2.2.3 Algorithms for corrosion rate prediction model

Six machine learning algorithms (RF, MLP, RR, KNN, LR, and SVM) were selected to construct a predictive model for the effect of elements on steel corrosion rate. As an integrated learning algorithm comprising a collection of multiple decision trees, RF can make predictions by majority voting oraveraging. MLP learns weight parameters from training data to be able to approximate nonlinear functions for complex pattern recognition and prediction in a variety of tasks. RR prevents overfitting by introducing L2 regularization terms to handle multicollinearity problems. KNN determines the relationship between features by searching for nearest neighbors, mainly used to solve regression problems. LR uses a logistic function (sigmoid function) to map a linear combination of features to a probability range between 0 and 1. SVM with linear kernel constructs regression models by finding the maximum margin, which is suitable for both regression and classification tasks, with strong generalization properties. Banded linear kernel is one of the variants. The mechanisms of all the above models can be found in literatures (Cai et al. 2020; Ramprasad et al. 2017; Xu et al. 2023). The open source Python module Scikit-learn was used to implement machine learning (Pedregosa et al. 2011).

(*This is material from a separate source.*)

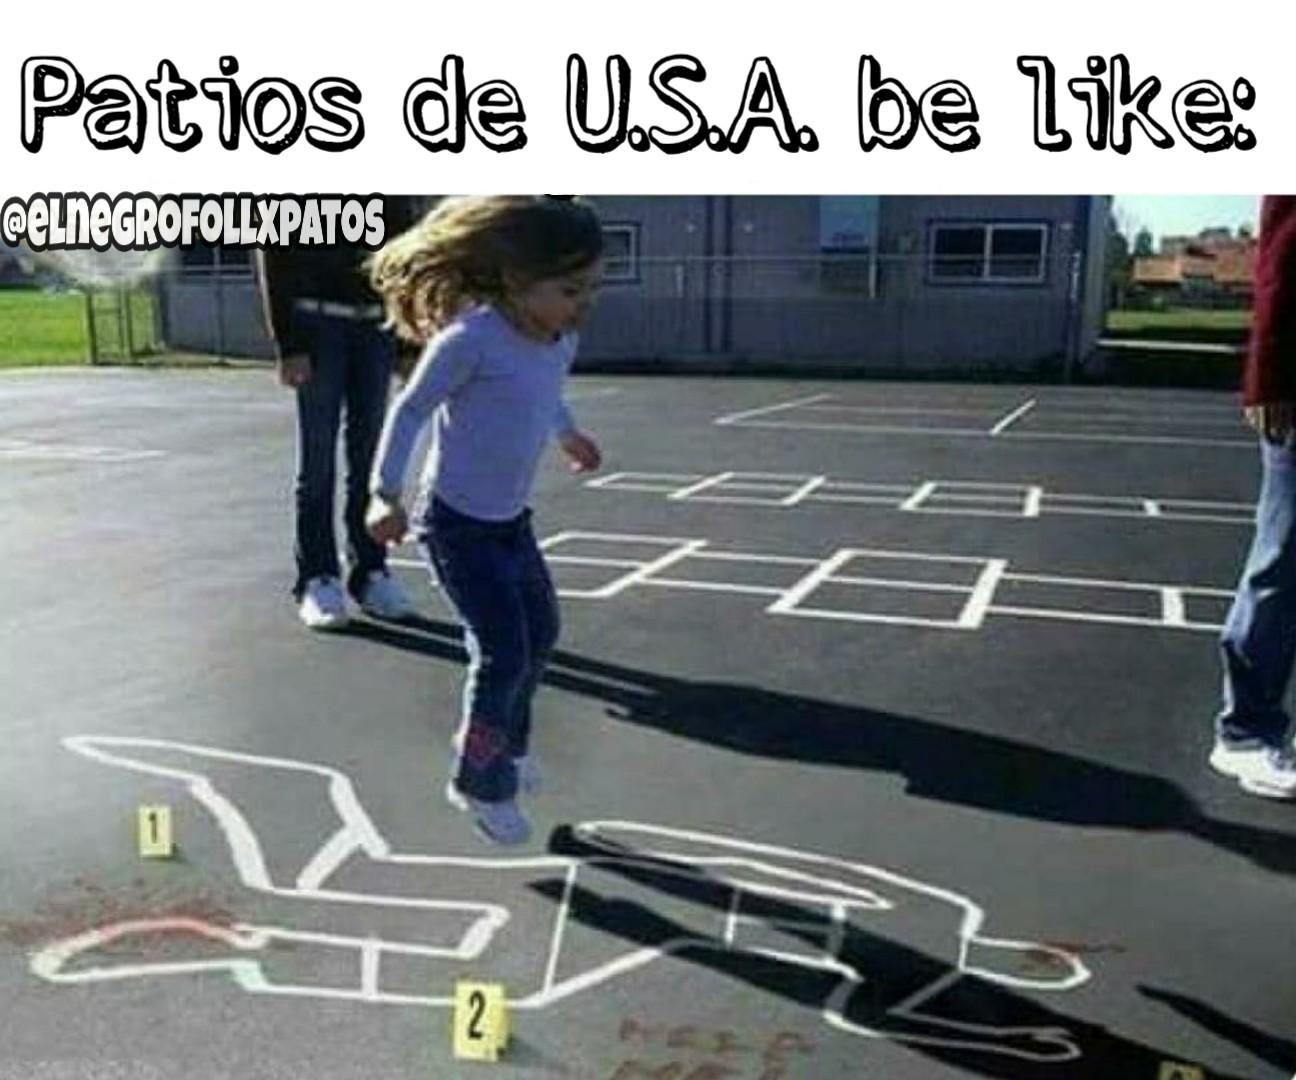 Patios de USA - meme

2.3 Model construction process

Spearman’s correlation analysis was used to evaluate the correlation between each feature and corrosion rate. Regression analysis was performed using the RF algorithm model and the features were ranked in order of importance. The SHAP method was also used to visually demonstrate the effect of features on the corrosion rate of low alloy steels (Liu and Li 2023). The feasibility of machine learning in corrosion data mining was demonstrated through the above steps. The original dataset was divided into a training set (for optimizing the corrosion rate model) and a testing set (for characterizing the model prediction accuracy) with several different division ratios (i.e. 40 %, 50 %, 60 %, 70 %, and 80 % of the training set data, and the rest of the test set data). K-fold cross validation technique was used to improve training effectiveness. The prediction performance of above machine learning models (RF, MLP, RR, KNN, LR and SVM) was compared. Finally, the generalization ability of the model was demonstrated by comparing the predictions of the model with several sets of newly collected corrosion rate data.

2.4 Performance evaluation of models

The fitting errors of the training and testing samples of the different models were simultaneously evaluated using the coefficient of determination (R²) and the root mean square error (RMSE) to assess the accuracy of the model’s prediction results. They are represented by the following formulas (Zhi et al. 2019):

(4) R 2 = 1 − ∑ n = 1 N ( f n − y n ) 2 ∑ n = 1 N ( y ‾ − y n ) 2

(5) R M S E = ∑ n = 1 N ( f n − y n ) 2 N

where N denotes the sample size, f _n denotes the predicted corrosion rate, y _n denotes the measured value, and y ‾ denotes the average value. With R² approaching to the 1 and smaller RMSE, the better the predictive performance of the model.

3 Results and discussion

3.1 Comparison of machine learning algorithms

In general, the larger the dataset is, the more information it is likely to contain. Possible relationships between input features and target attributes are better extracted by the model through large data sets. Figure 2 shows the results of the division of prediction accuracy with the proportion of training set. Clearly, as the proportion of training set increases, the accuracy of all six prediction models increases, and the MLP, LR and RF models has the highest prediction accuracy at 80 % of training set proportion. The accuracy of the algorithms for KNN, RR, and SVM decreases slightly as the division of the training set exceeds 75 %. This may be due to the reduced model generalization ability caused by overfitting of these algorithms (Deng et al. 2015). LR has large fluctuations in RMSE with less than 55 % division of the training set, which could also be overfitting or affected by randomness. The dataset of this study is relatively small, so 80 % training set and 20 % test set ratio was chosen.

Figure 2:

Comparison of the performance of random forest (RF), multilayer perceptron (MLP), ridge regression (RR), k-nearest neighbor model (KNN), logistic regression (LR), and support vector machine (SVM) for corrosion rate prediction with different training and test set partitioning ratios.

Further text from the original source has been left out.